I’m not saying that Randy isn’t foolhardy. Maybe he is. The motorcycle example implies he engages in thrill seeking behavior. There are so many many data variables omitted from the example that we can’t say how foolhardy Randy is.
My point is a more basic one. Randy is the person who is pursuing anti-fragility. Maybe he’s a foolhardy, carefree, pleasure-loving dolt who is soon to die–we don’t know. We don’t even know how old Randy is–is he 22 or 62?
I don’t think Arnold’s example was given to calculate who has the superior strategy . To me, it seems it was given to point out that Randy’s behavior imposes externalities on Arnold.
For the moment I maintain my assertion that Randy is pursuing anti-fragility. In contrast, Arnold acts like he is fragile and risk averse, which is something different.
Am I missing something? Have I mis-understood what anti fragility is?
I am also not saying that Randy’s strategy is better or worse. I am saying that you are missing something.
Randy is not becoming more survivable because of the volatility in the world, he is intentionally taking on an additional risk of ruin and trading it off for a benefit (new friends). If the volatility were removed, he would incur the same benefit but more strongly. If someone were to emerge with habits like mask wearing, that would be emerging stronger because of the volatility; if there weren’t a pandemic, that person would not start wearing masks to protect themselves.

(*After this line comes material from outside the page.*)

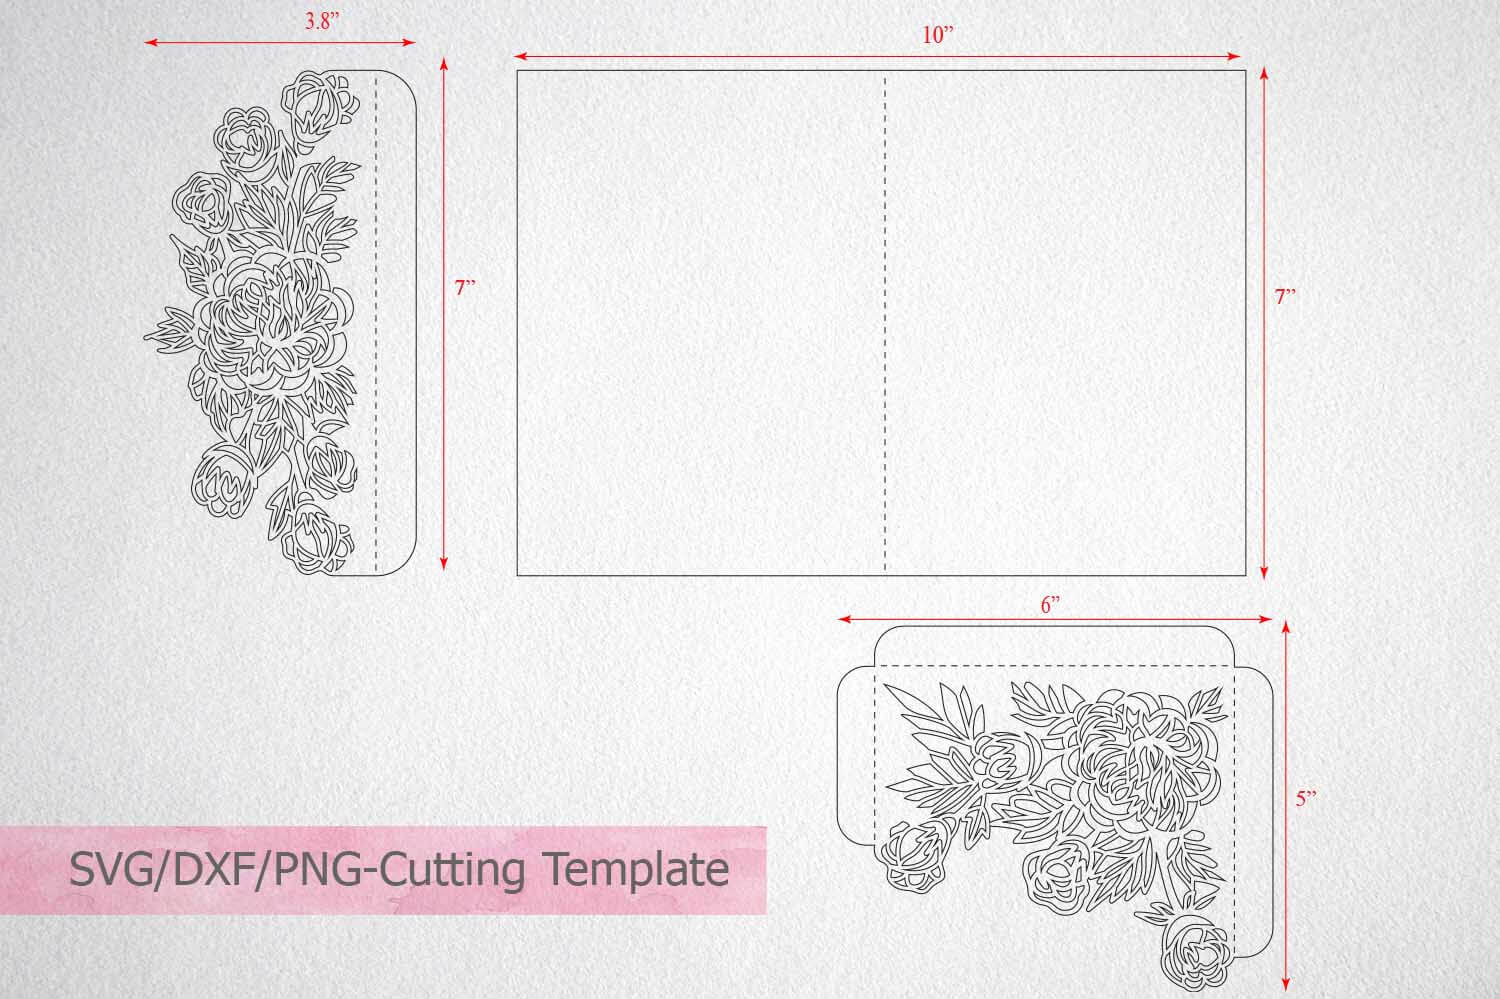 Tri Fold Wedding Invitation Card Template Laser Cut Sxg Dxf Intended For Three Fold Card Template
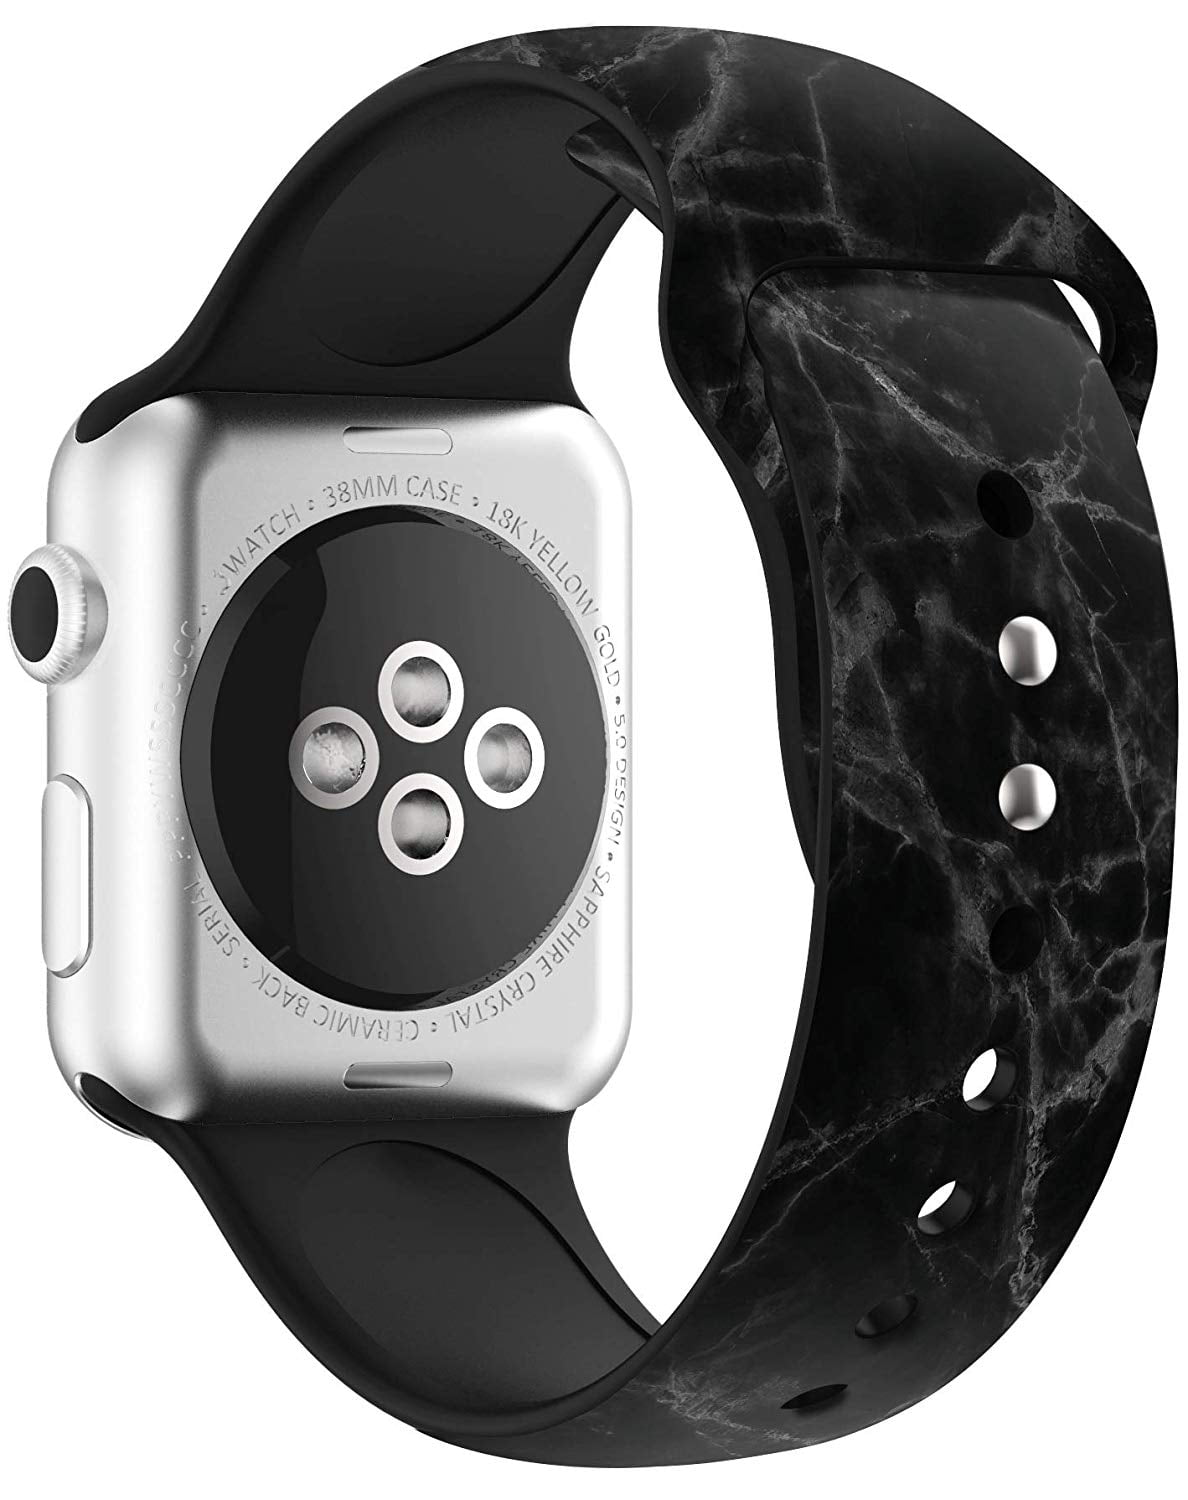 SPYCASE Apple Watch Bands 42/44mm, Silicone Wristband for iWatch Series  1/2/3/4/5/SE/6/SE/Nike+ - Black Marble

“Consider that Mother Nature is not just “safe.” It is aggressive in destroying and replacing, in selecting and reshuffling . When it comes to random events, “robust” is certainly not good enough. In the long run everything with the most minute vulnerability breaks, given the ruthlessness of time…You have to avoid debt because debt makes the system more fragile. You have to increase redundancies in some spaces. You have to avoid optimization.”
The term is about learning from volatility to remove risk exposure. It’s the opposite of trading off additional risk exposure to optimize some objective. At least by Taleb’s definition, you are completely wrong, and I think his definition is the dominant one in the collective consciousness.
Thanks for your thoughtful reply. I’m talked out and have exhausted anything useful to say.